--- What you should do ---
Reproduce every line of the material below, but drop the pictures.

--- Dataset content ---

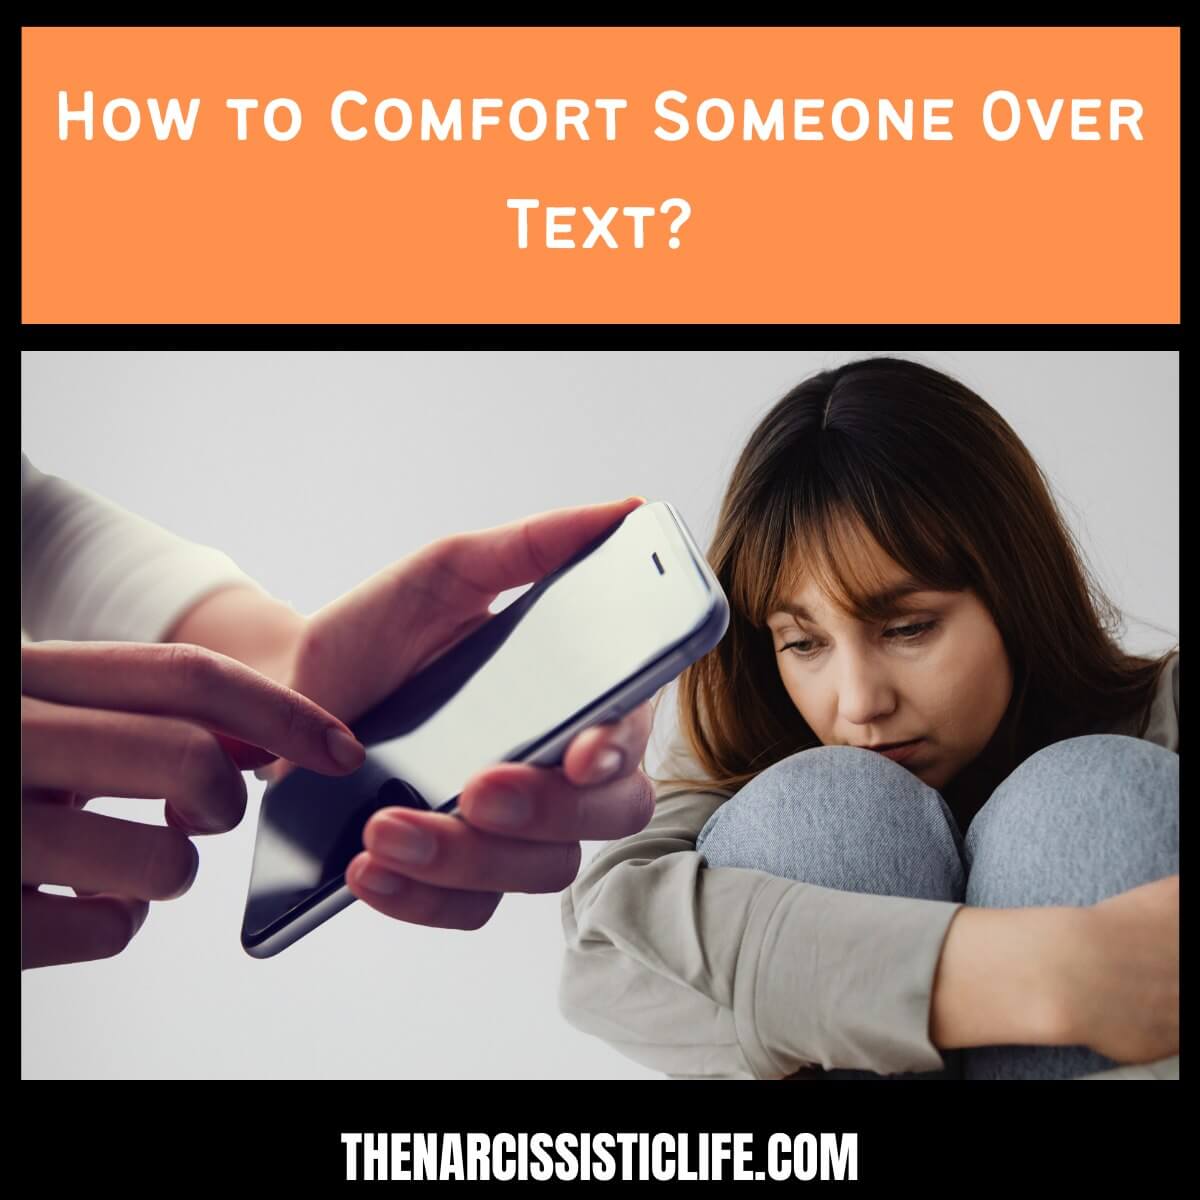 How to Comfort Someone Over Text
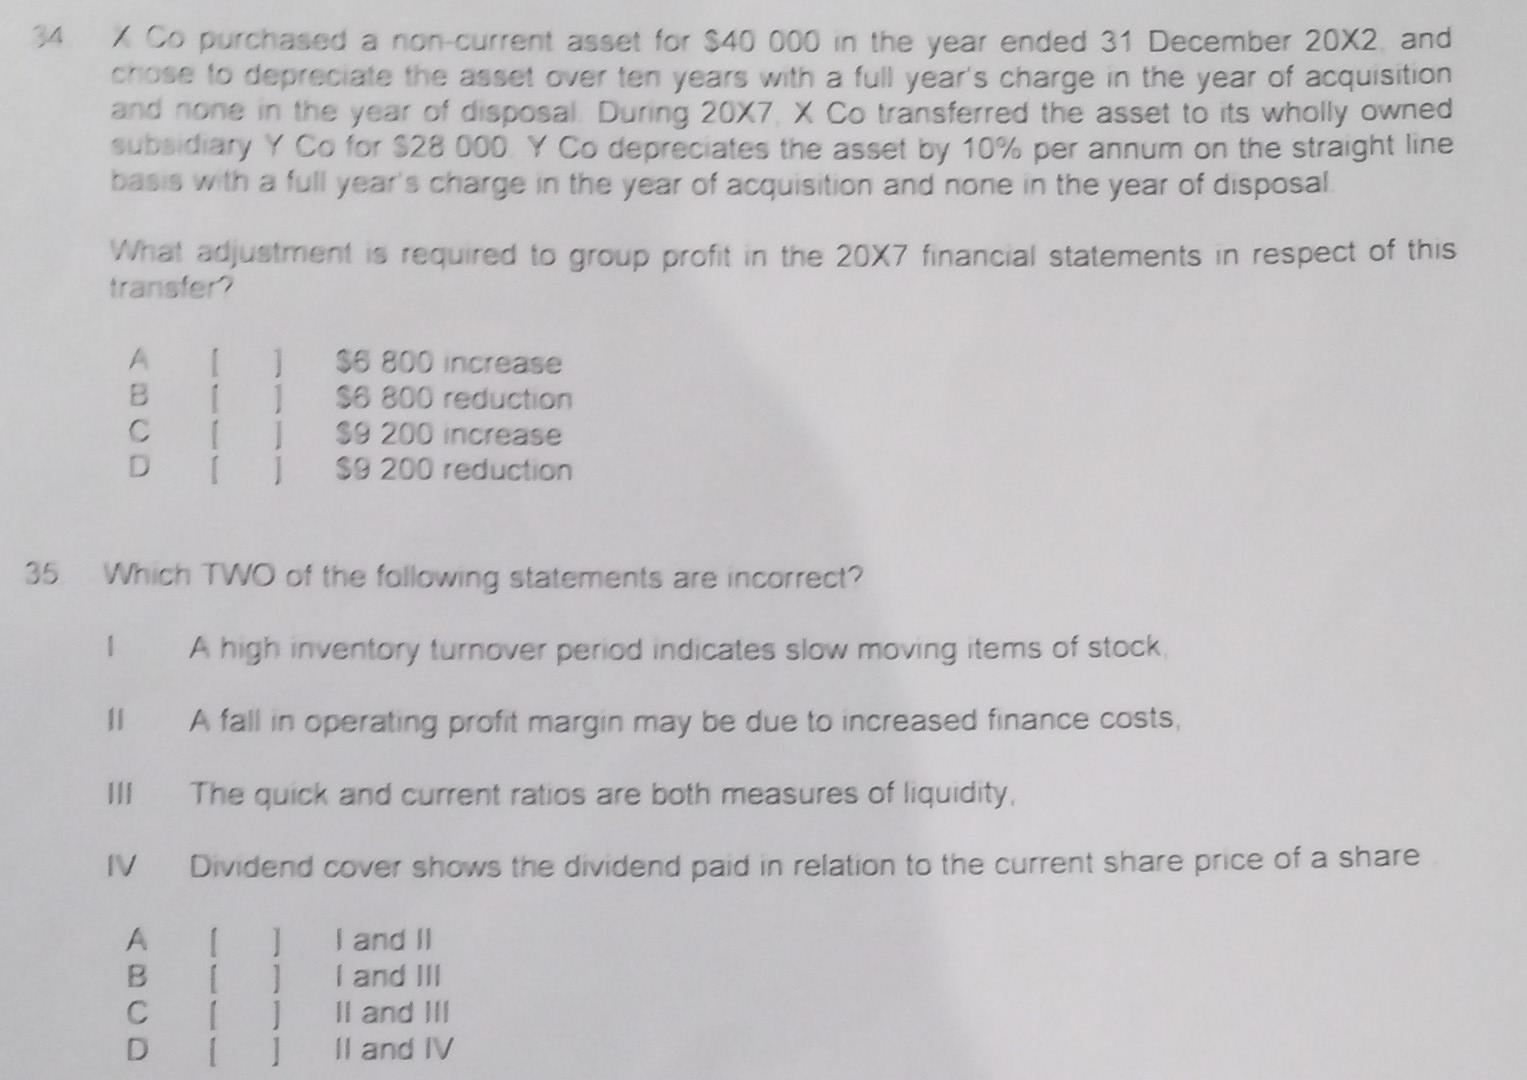 35 X Co purchased a non-current asset for $40 000 in the year ended 31 December 20X2 and chose to depreciate
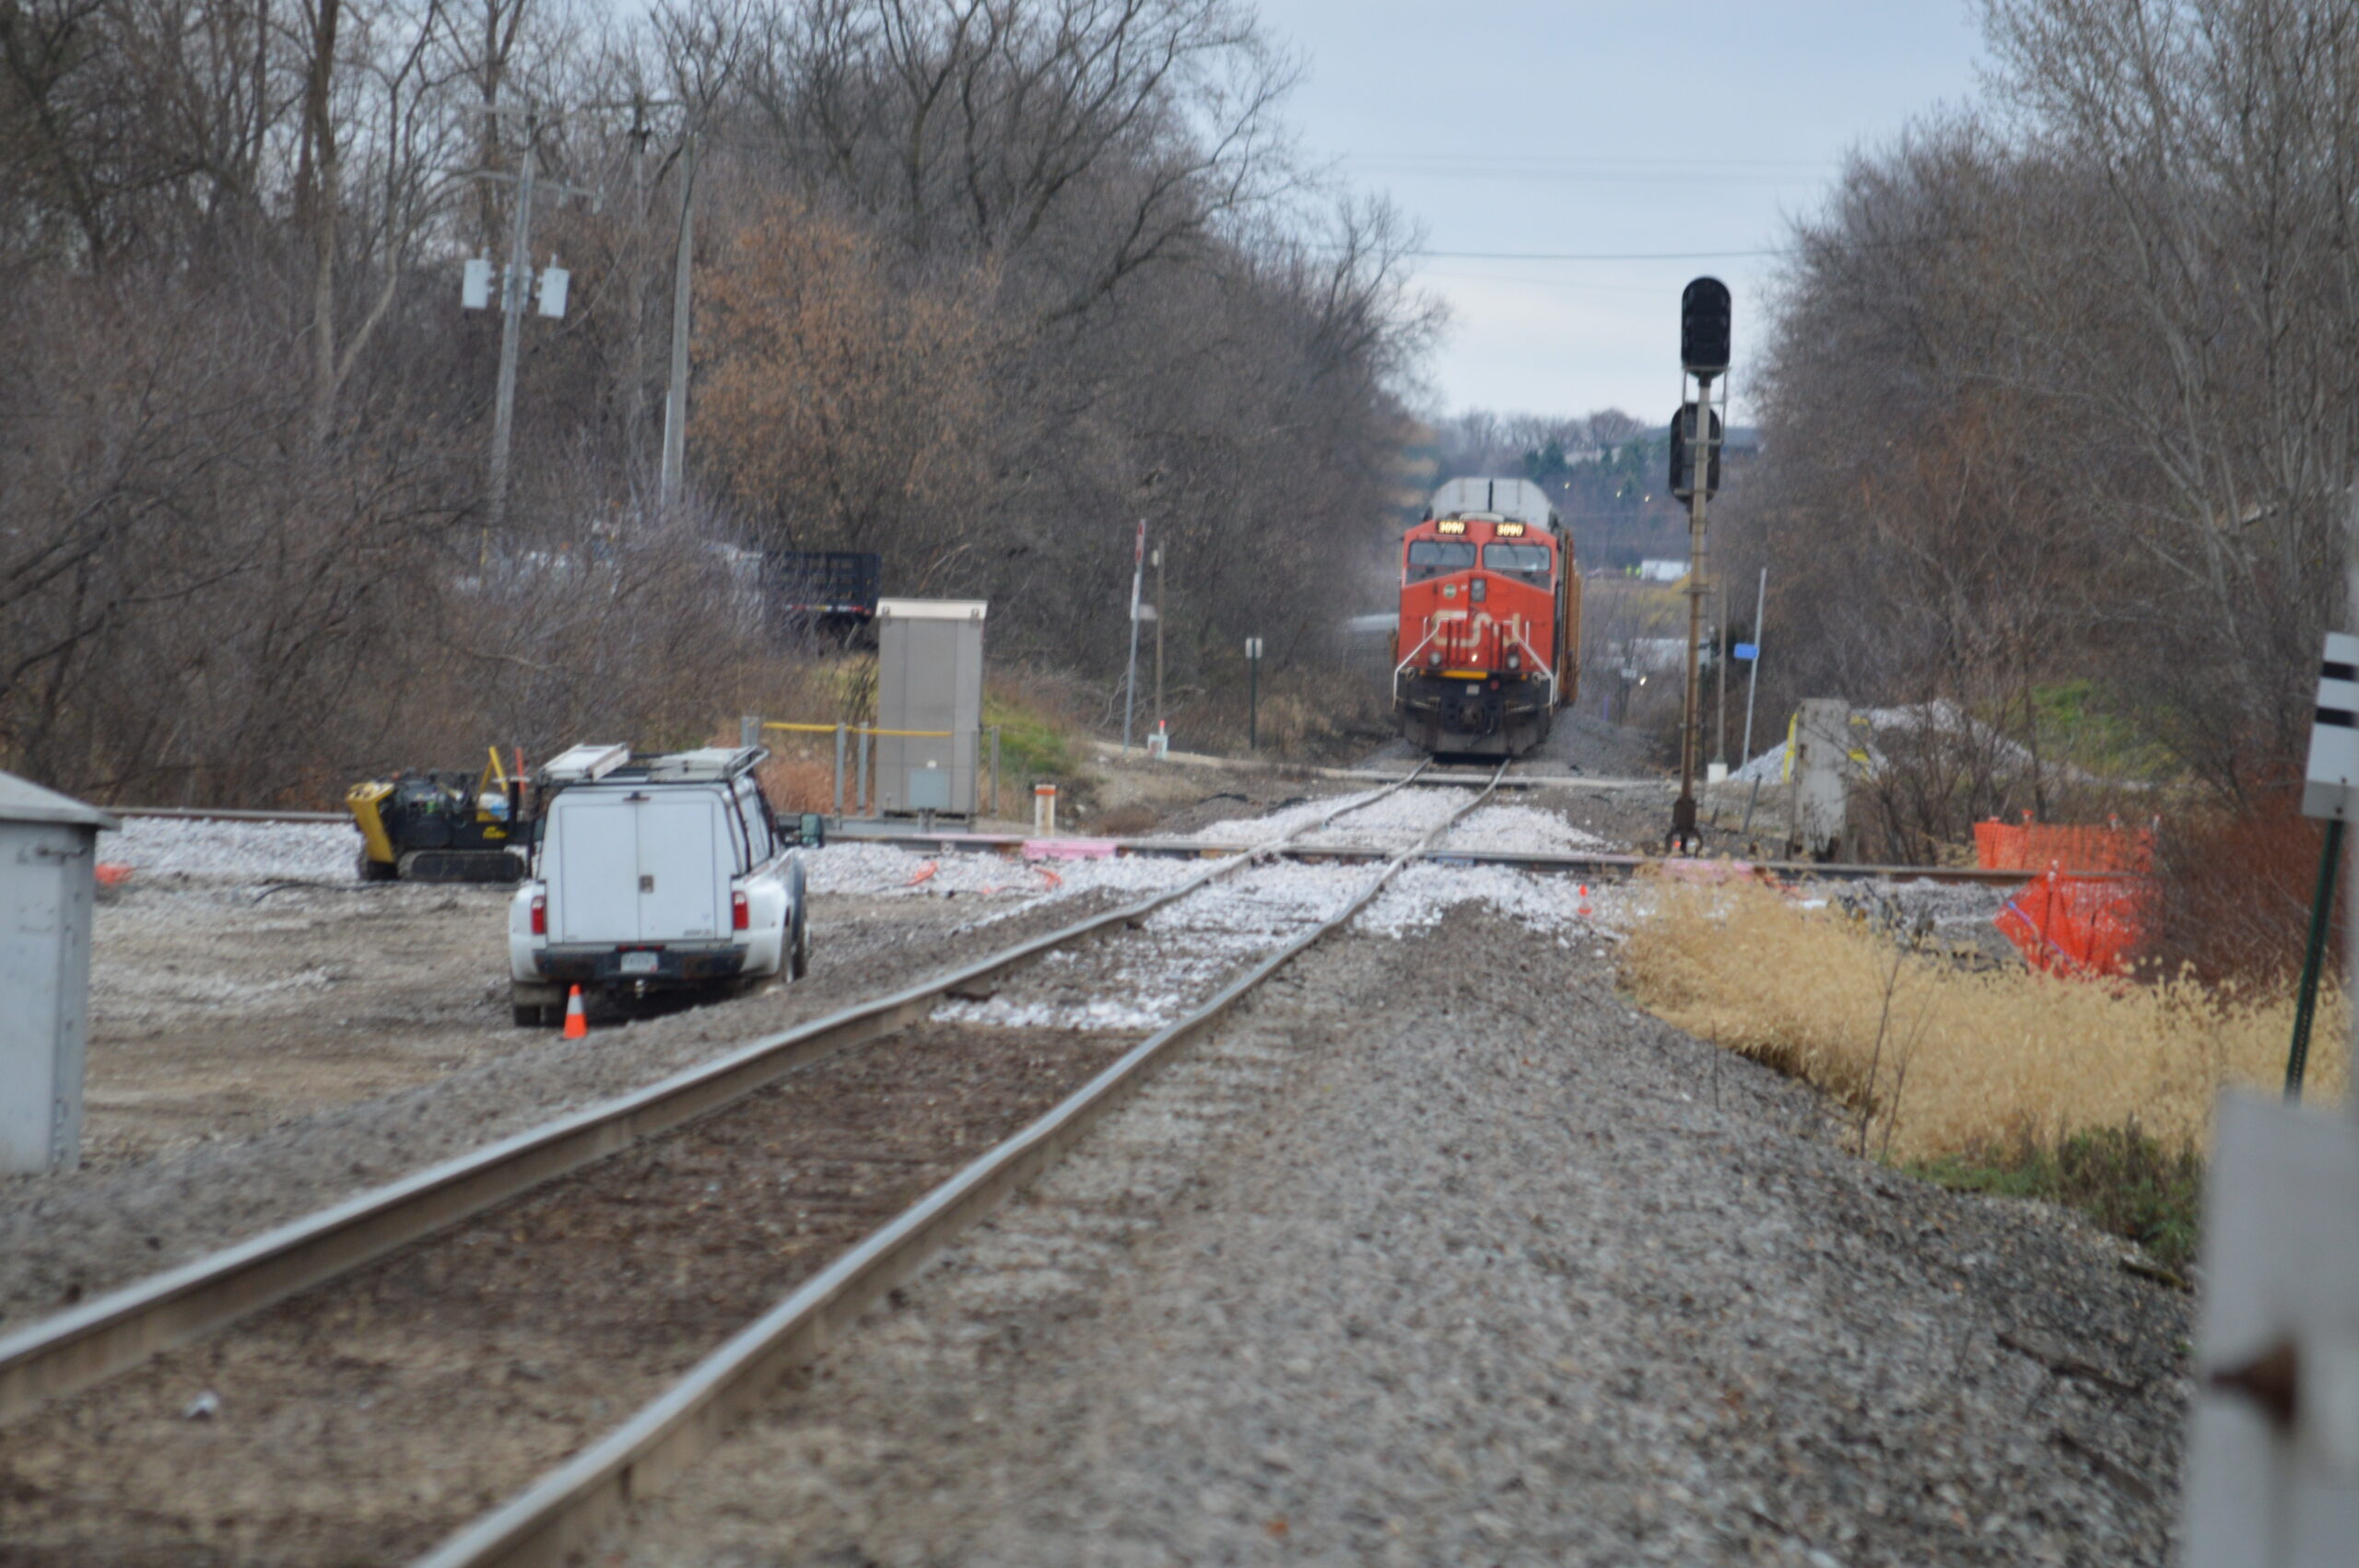 A red-nosed Canadian National diesel sits on the other side of the crossing where fresh ballast lays between the tracks.

--- Answer section ---
 How to Comfort Someone Over Text
 35 X Co purchased a non-current asset for $40 000 in the year ended 31 December 20X2 and chose to depreciate
 A red-nosed Canadian National diesel sits on the other side of the crossing where fresh ballast lays between the tracks.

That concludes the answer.